I am sure it will also have a timeshare ramification...

"Windjammer Barefoot Cruises Cancels Sailings


Windjammer Barefoot Cruises announced on a message through its phone reservation line that it has cancelled all cruises scheduled to sail the week of Sept. 29, 2007 for the Legacy, Polynesia and Yankee Clipper. Windjammer has not announced a refund policy regarding the cancelled sailings and has not responded to ASTA's attempts to obtain more information. 

Although Windjammer has not announced that it will file for bankruptcy protection, customers who made payments for a cancelled Windjammer cruise by credit card should immediately contact their credit card company to dispute the charge. "

Isn't there a few TUG members who own here.


----------



## SciTchr (Oct 2, 2007)

Sandy Lovell said:


> Isn't there a few TUG members who own here.

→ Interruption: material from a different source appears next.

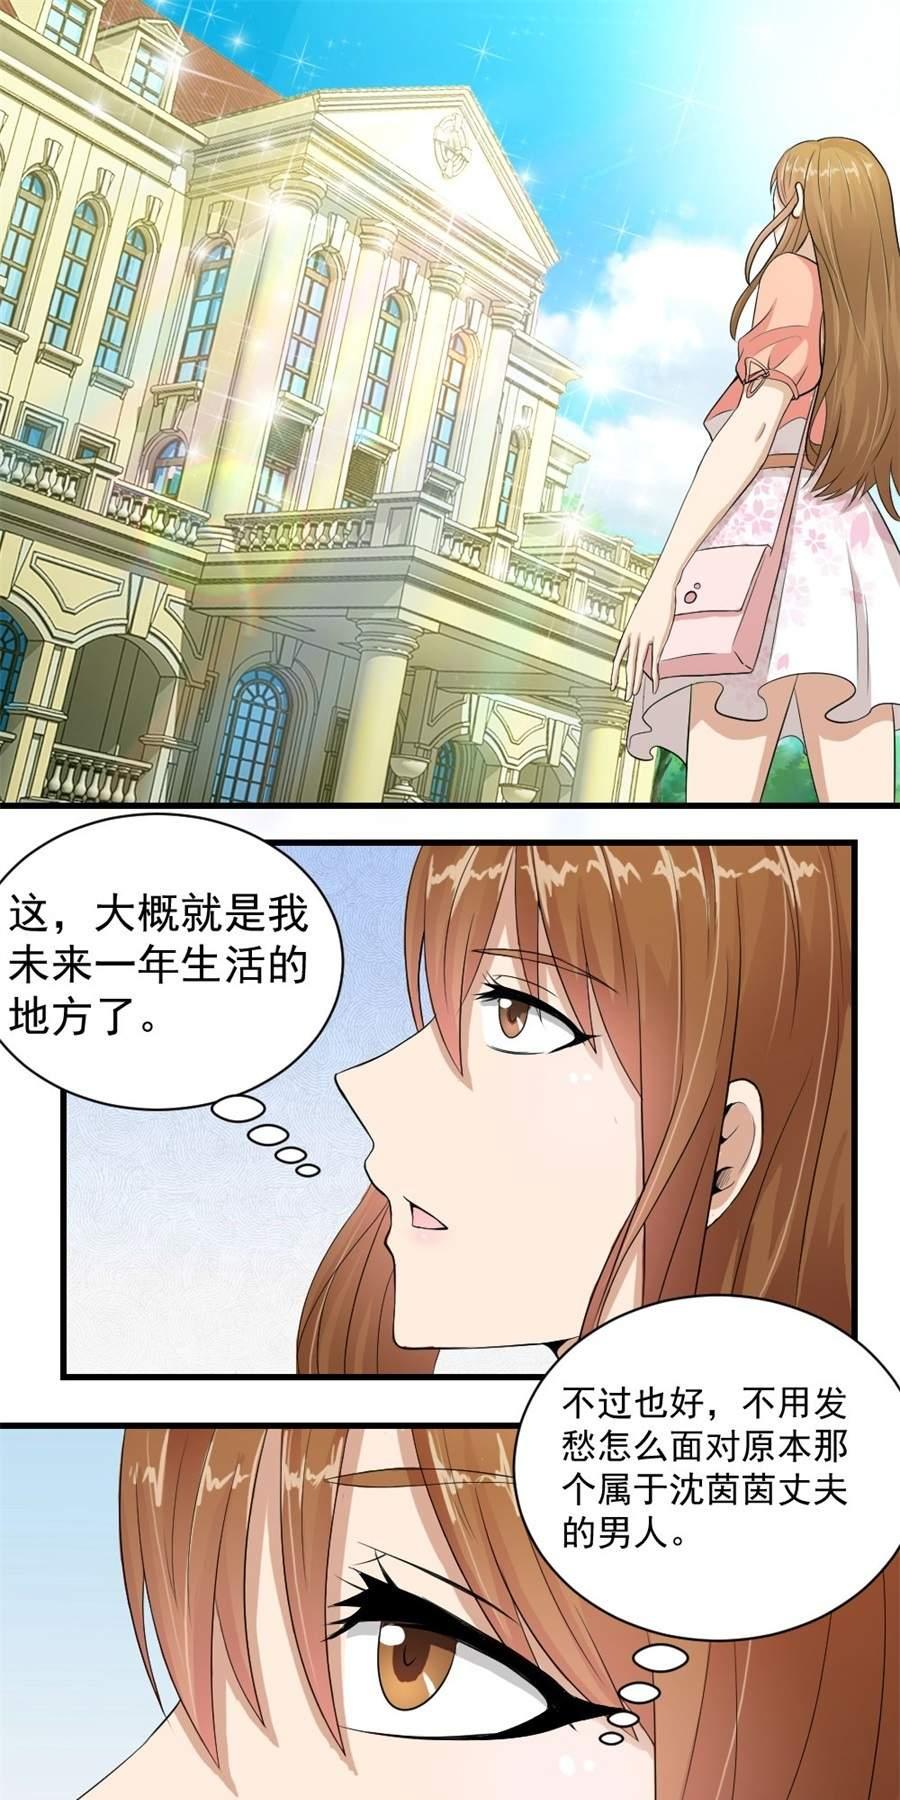 """错嫁替婚总裁第8话  与总裁关系暧昧(发""""糖""""喽) 第 2"""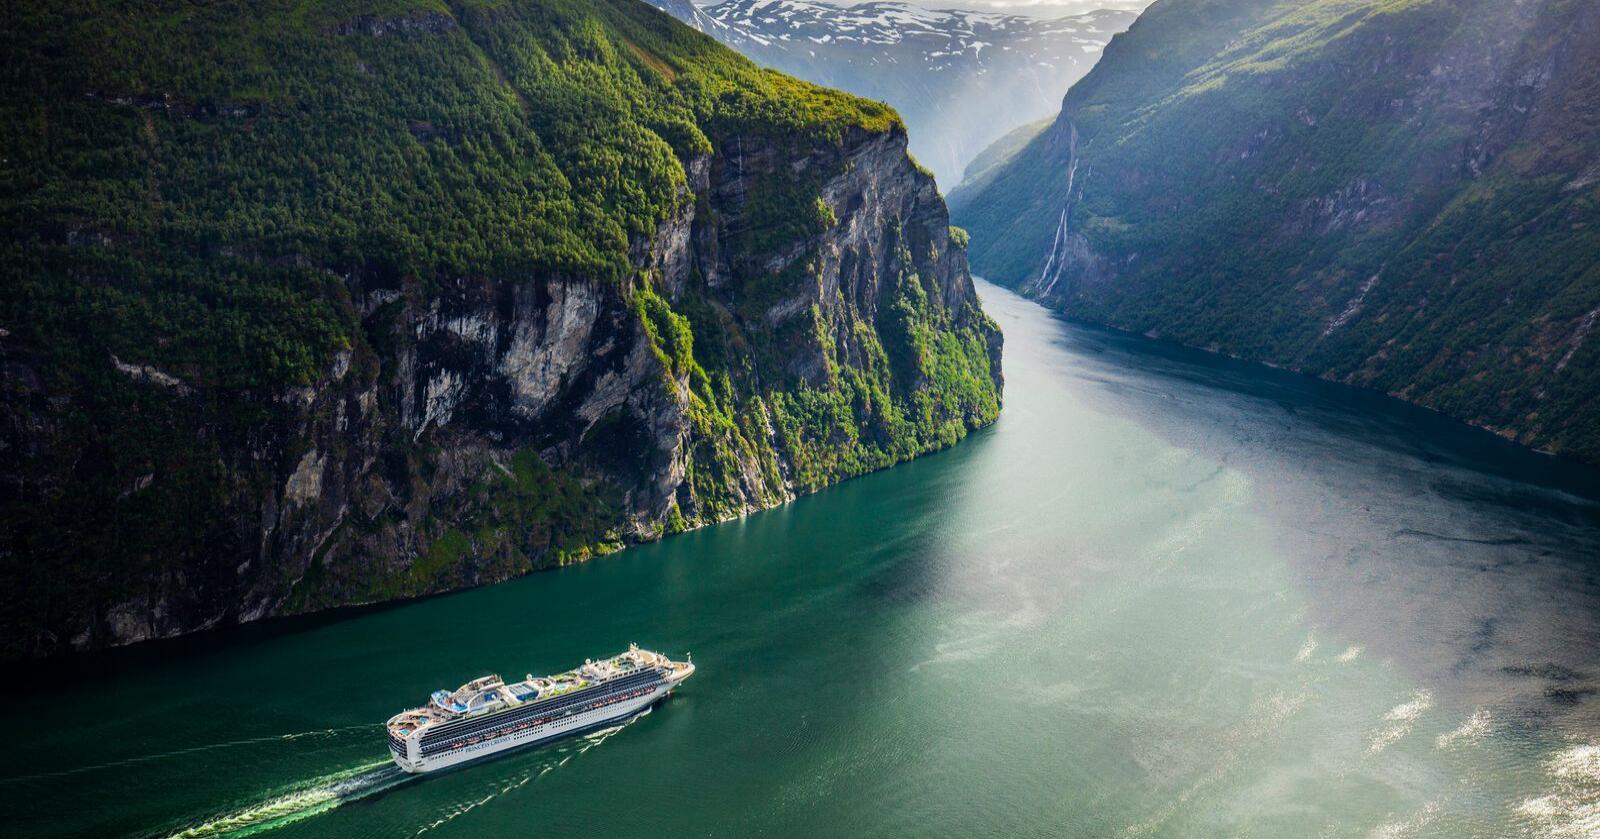 Utsikt over Geirangerfjorden, et yndet mål for mange cruiseturister. Foto: Halvard Alvik / NTB

Are you thinking of Tradewinds Cruise Club? You can buy weeks with them. As far as I know, Windjammer is a cruise line. I have been reading that they were having problems. Does not sound good.


----------



## Sandy VDH (Oct 2, 2007)

I own Tradewinds, there is not issue with them, they are NOT what I am talking about here.

There were some timeshares sold on Windjammer, yes the same Windjammer that operates a small tall sailing vessel cruise line.

I can think of at least Perry M as an owner, but I could be mistaken.  There were also a few other owners.

I am not confused about this. It is Windjammer.  Sorry, but that is how rumors get started.


----------



## Bootser (Oct 2, 2007)

I used to own at the Windjammer Landing until about a year ago. Windjammer Landing did have a way to trade for some type of barefoor cruise, either Tradewinds or Windjammer cruises.
But Windjammer is owned by Festiva Resorts. I do not believe it has anything to do with Windjammer Cruises. The Atrium now offers some sort of trade or exchange into a barefoot cruise through Festiva as well, since they were bought by Festiva.


----------



## Sandy VDH (Oct 3, 2007)

Festiva owns Festiva Sailing vacation.  I am not sure but I think that was previously called Elite Island Yachts.

Are there NO Windjammer Barefoot Cruises owners who can weigh in?


----------



## philemer (Oct 10, 2007)

http://blogs.usatoday.com/cruiselog/  Windjammer Barefoot Cruises in deep do-do. They do vow to sail again.
http://windjammer.com/


----------



## JoyceFNP (Oct 12, 2007)

:whoopie:  WIndjammer did sell timeshares, but it never happened.  There are a lot of people who spent a lot of money who are pretty mad.  
Tradewinds is doing fine, thank you.  In fact I got an email yesterday, they are doing an experimental cruise off of Brazil in May.


----------